Lastly, if you play the resulting audio signal, you should hear no difference from the original audio above. Again, proper speakers must be used and the volume must not be at the maximum, otherwise distortion may be hearable. Also, you can see the presence of the inserted messages by using any audio spectrum analyser.
From AUDIO back to URL
The system has been tested in the three situations mentioned above. Every time, REC_T seconds have been taken from a random position of the recorded audio files, to simulate a mic recording.
Scenario [1]
Here the capture was made close to the speakers (about 1 meter away), keeping the device still, in an outdoor environment.
The spectrogram of the recorded audio and the result of the bandpass filtering is shown in the following figure.
Then, the BPSK signal is detected as shown in the following figure.
After that, the RMS of the detected signal is 0.0027 and is normalized to NORM_RMS_EST = 0.077.
Then the preamble synchronization is performed, as shown in the following figures. The cross correlation is very similar to the expected one.
At this point, the signal is demodulated (carrier recovery, carrier multiplication, matched lowpass filter and sampling) using each of the three methods IC, RC and NC. The results are shown in the following figure (only a limited time interval is shown).

After removing the extra samples in the beginning, the symbols are differentially decoded. In the following figure the constellation plot is shown for each of the three methods, before and after this. In the (IC) after sampling figure it can be seen the effect of a phase mismatch of the carrier. There is some noise, but symbols are always clearly distinguishable.

In the following figure, the in-phase and quadrature components of these symbols are shown over time. These are always distinguishable (in the (IC) after sampling there is some more noise).

Also, as it is a phase modulation, in the following figure phase of these symbols are shown over time: they are always distinguishable. Also, in the (IC) after sampling it can be seen the effect of a little constant carrier frequency mismatch (maybe due to little movement of the smartphone during the recording).

After that, data are hard decoded into bits. Then the header is decoded to get the length of the payload and this one is decoded from convolutional and Reed-Solomon codes.
As no errors are detected using CRC check, the RLE and Varicode decoding are performed: the text is recovered and is equal to the original:
text_rec = https://example.com/123abcd/index.htmlComparison with expected data
Lastly, to test the last stages, the errors at each of them can be computed (original expected data are saved in another file when embedding the URL). In the following table the number of errors is reported for each of the last steps:
IC | RC | NC | ||
---|---|---|---|---|
HEADER | After differential decoding | 0 (0%) | 0 (0%) | 0 (0%) |
After repetitions decoding | 0 (0%) | 0 (0%) | 0 (0%) | |
PAYLOAD | After differential decoding | 0 (0%) | 0 (0%) | 0 (0%) |
After convolutional decoding | 0 (0%) | 0 (0%) | 0 (0%) | |
After Reed-Solomon decoding | 0 (0%) | 0 (0%) | 0 (0%) |
Scenario [2]
Here the capture was made close to the speakers (about 1 meter away), moving a bit the device (to accentuate Doppler effect), in an outdoor environment.
The spectrogram of the recorded audio and the result of the bandpass filtering is shown in the following figure.
Then, the BPSK signal is detected as shown in the following figure.
After that, the RMS of the detected signal is 0.0019 and is normalized to NORM_RMS_EST = 0.077.
Then the preamble synchronization is performed, as shown in the following figures. Here, the cross correlation is similar to the expected one.
At this point, the signal is demodulated (carrier recovery, carrier multiplication, matched lowpass filter and sampling) using each of the three methods IC, RC and NC. The results are shown in the following figure (only a limited time interval is shown).

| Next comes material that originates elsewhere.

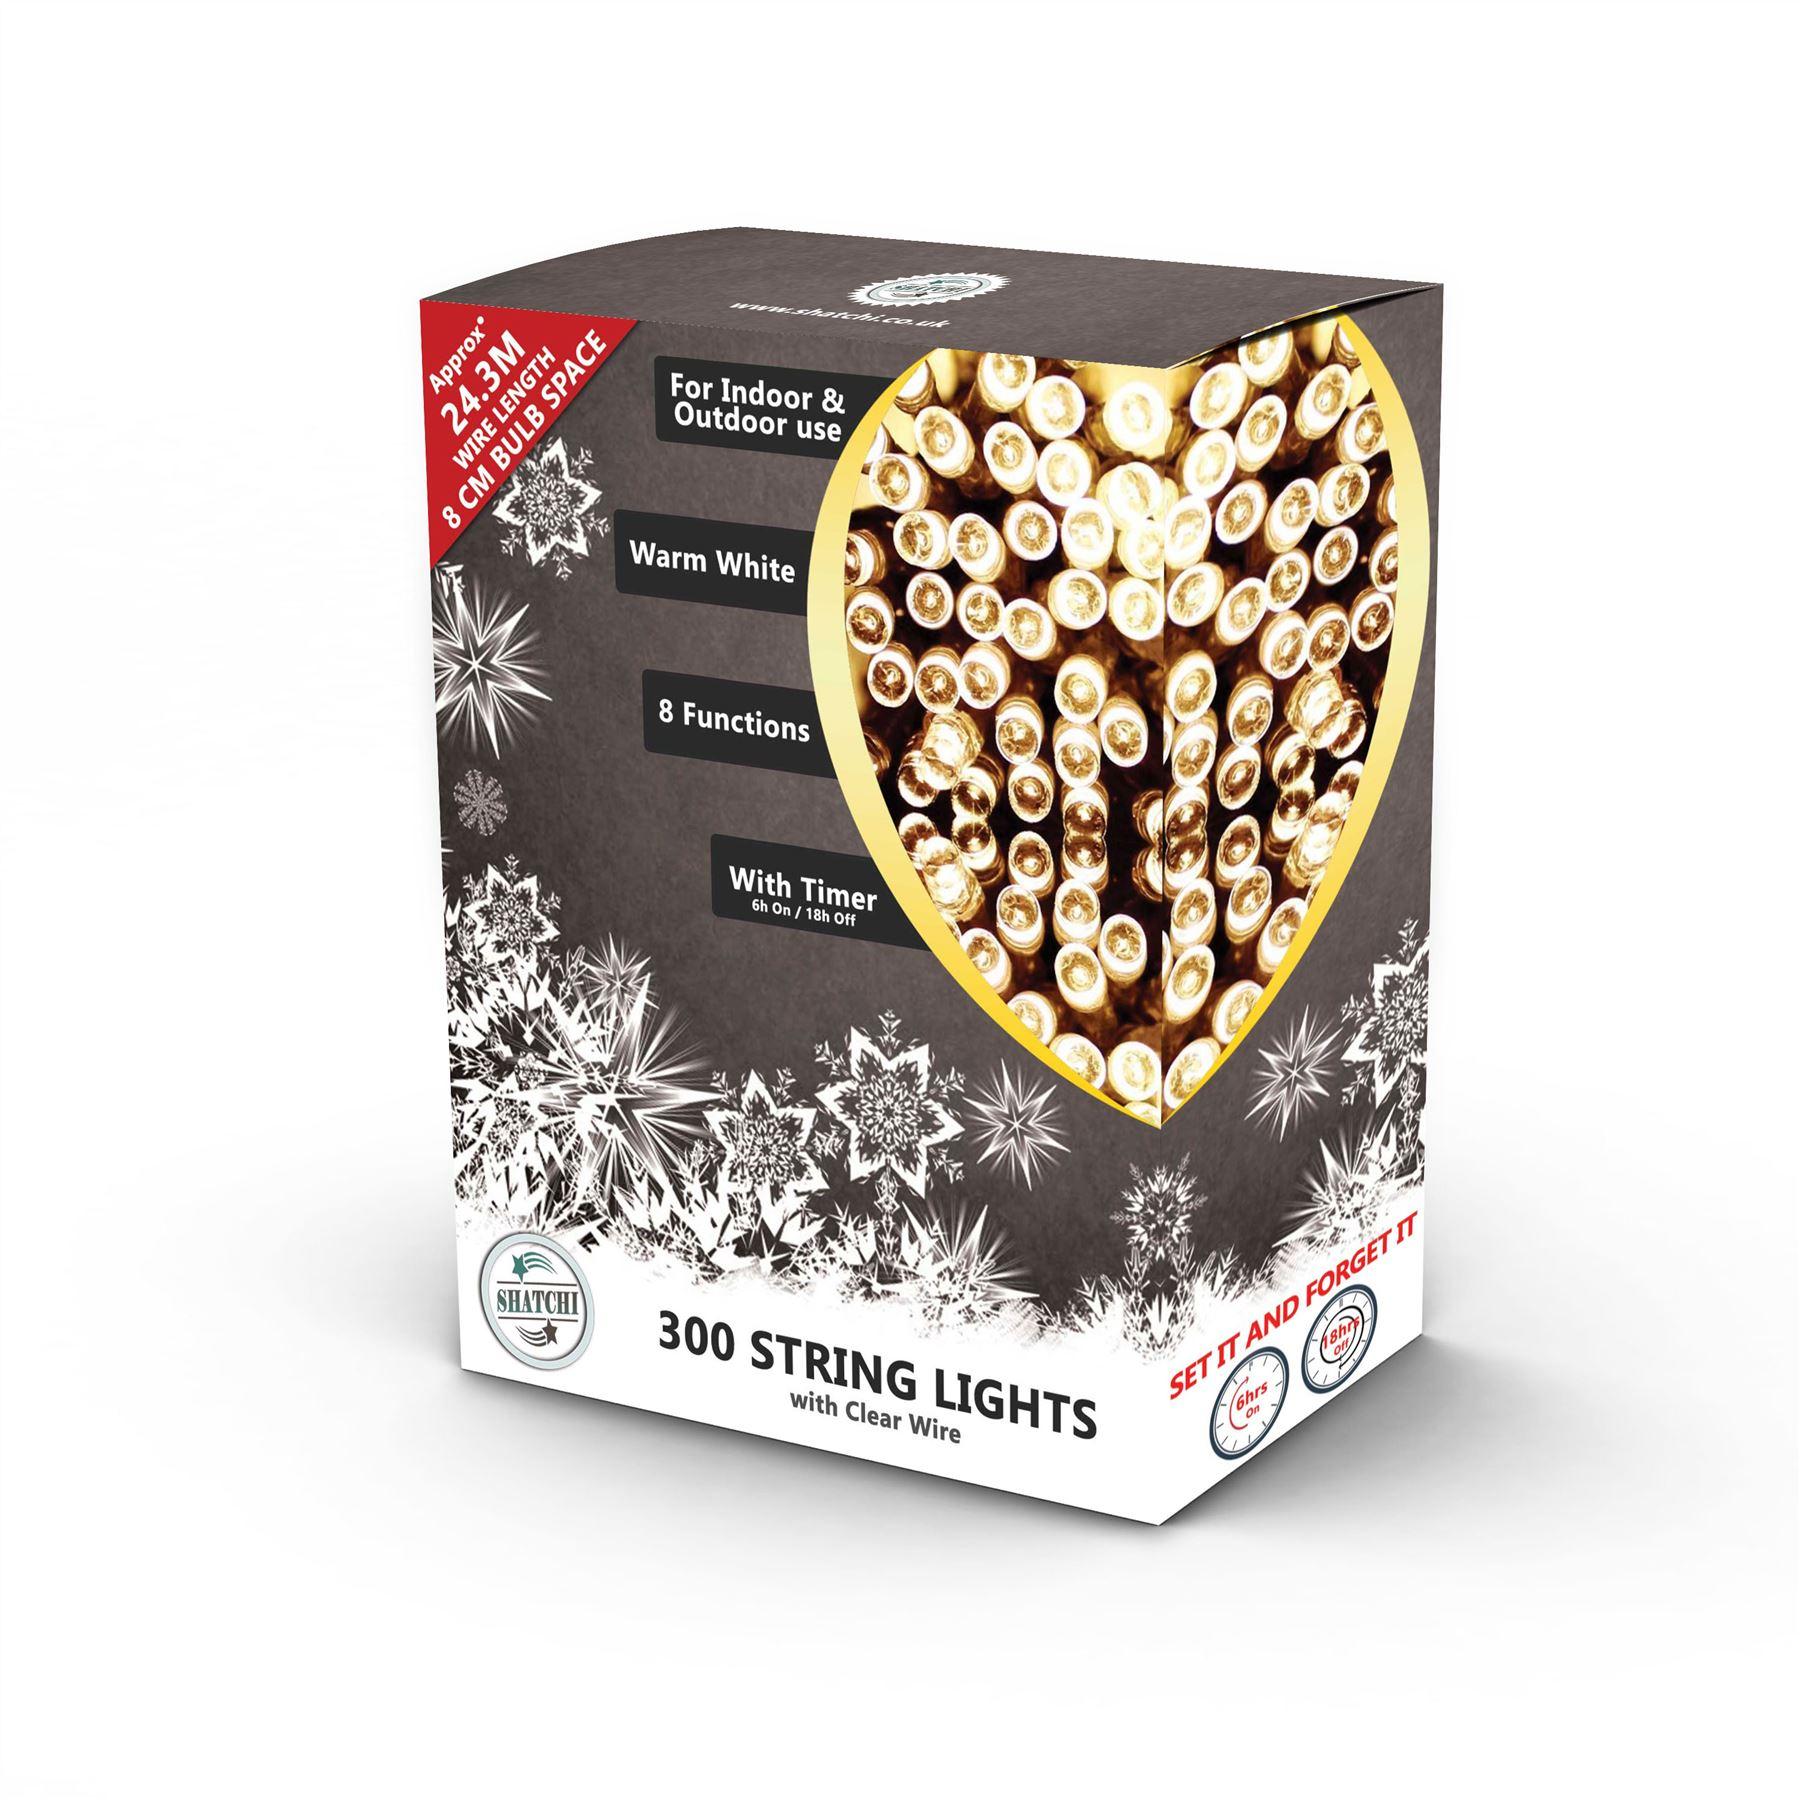 100-200-300-400-500-LED-Christmas-String-Fairy-Lights-Xmas-Decorations-Tree miniature 13

After removing the extra samples in the beginning, the symbols are differentially decoded. In the following figure the constellation plot is shown for each of the three methods, before and after this. In the (IC) after sampling figure it can be seen the effect of Doppler due to movement, but there isn't much noise. For the other cases, there isn't much noise too, and symbols are always clearly distinguishable.

In the following figure, the in-phase and quadrature components of these symbols are shown over time. These are always distinguishable. Also, in the (IC) after sampling it can be seen the consequence of Doppler effect.

Also, as it is a phase modulation, in the following figure phase of these symbols are shown over time: they are always distinguishable. Also, in the (IC) after sampling it can be seen the effect of a time varying carrier frequency mismatch due to Doppler.

After that, data are hard decoded into bits. Then the header is decoded to get the length of the payload and this one is decoded from convolutional and Reed-Solomon codes.
As no errors are detected using CRC check, the RLE and Varicode decoding are performed: the text is recovered and is equal to the original:
text_rec = https://example.com/123abcd/index.htmlComparison with expected data
Lastly, to test the last stages, the errors at each of them can be computed (original expected data are saved in another file when embedding the URL). In the following table the number of errors is reported for each of the last steps:
IC | RC | NC | ||
---|---|---|---|---|
HEADER | After differential decoding | 0 (0%) | 0 (0%) | 0 (0%) |
After repetitions decoding | 0 (0%) | 0 (0%) | 0 (0%) | |
PAYLOAD | After differential decoding | 0 (0%) | 0 (0%) | 0 (0%) |
After convolutional decoding | 0 (0%) | 0 (0%) | 0 (0%) | |
After Reed-Solomon decoding | 0 (0%) | 0 (0%) | 0 (0%) |
Scenario [3]
Here the capture was made not close to the speakers (about 3 meters away), keeping the device still, in an outdoor environment.
The spectrogram of the recorded audio and the result of the bandpass filtering is shown in the following figure.
Then, the BPSK signal is detected as shown in the following figure.
After that, the RMS of the detected signal is 0.0018 and is normalized to NORM_RMS_EST = 0.077.
Then the preamble synchronization is performed, as shown in the following figures. Here the cross correlation is very similar to the expected one.
At this point, the signal is demodulated (carrier recovery, carrier multiplication, matched lowpass filter and sampling) using each of the three methods IC, RC and NC. The results are shown in the following figure (only a limited time interval is shown).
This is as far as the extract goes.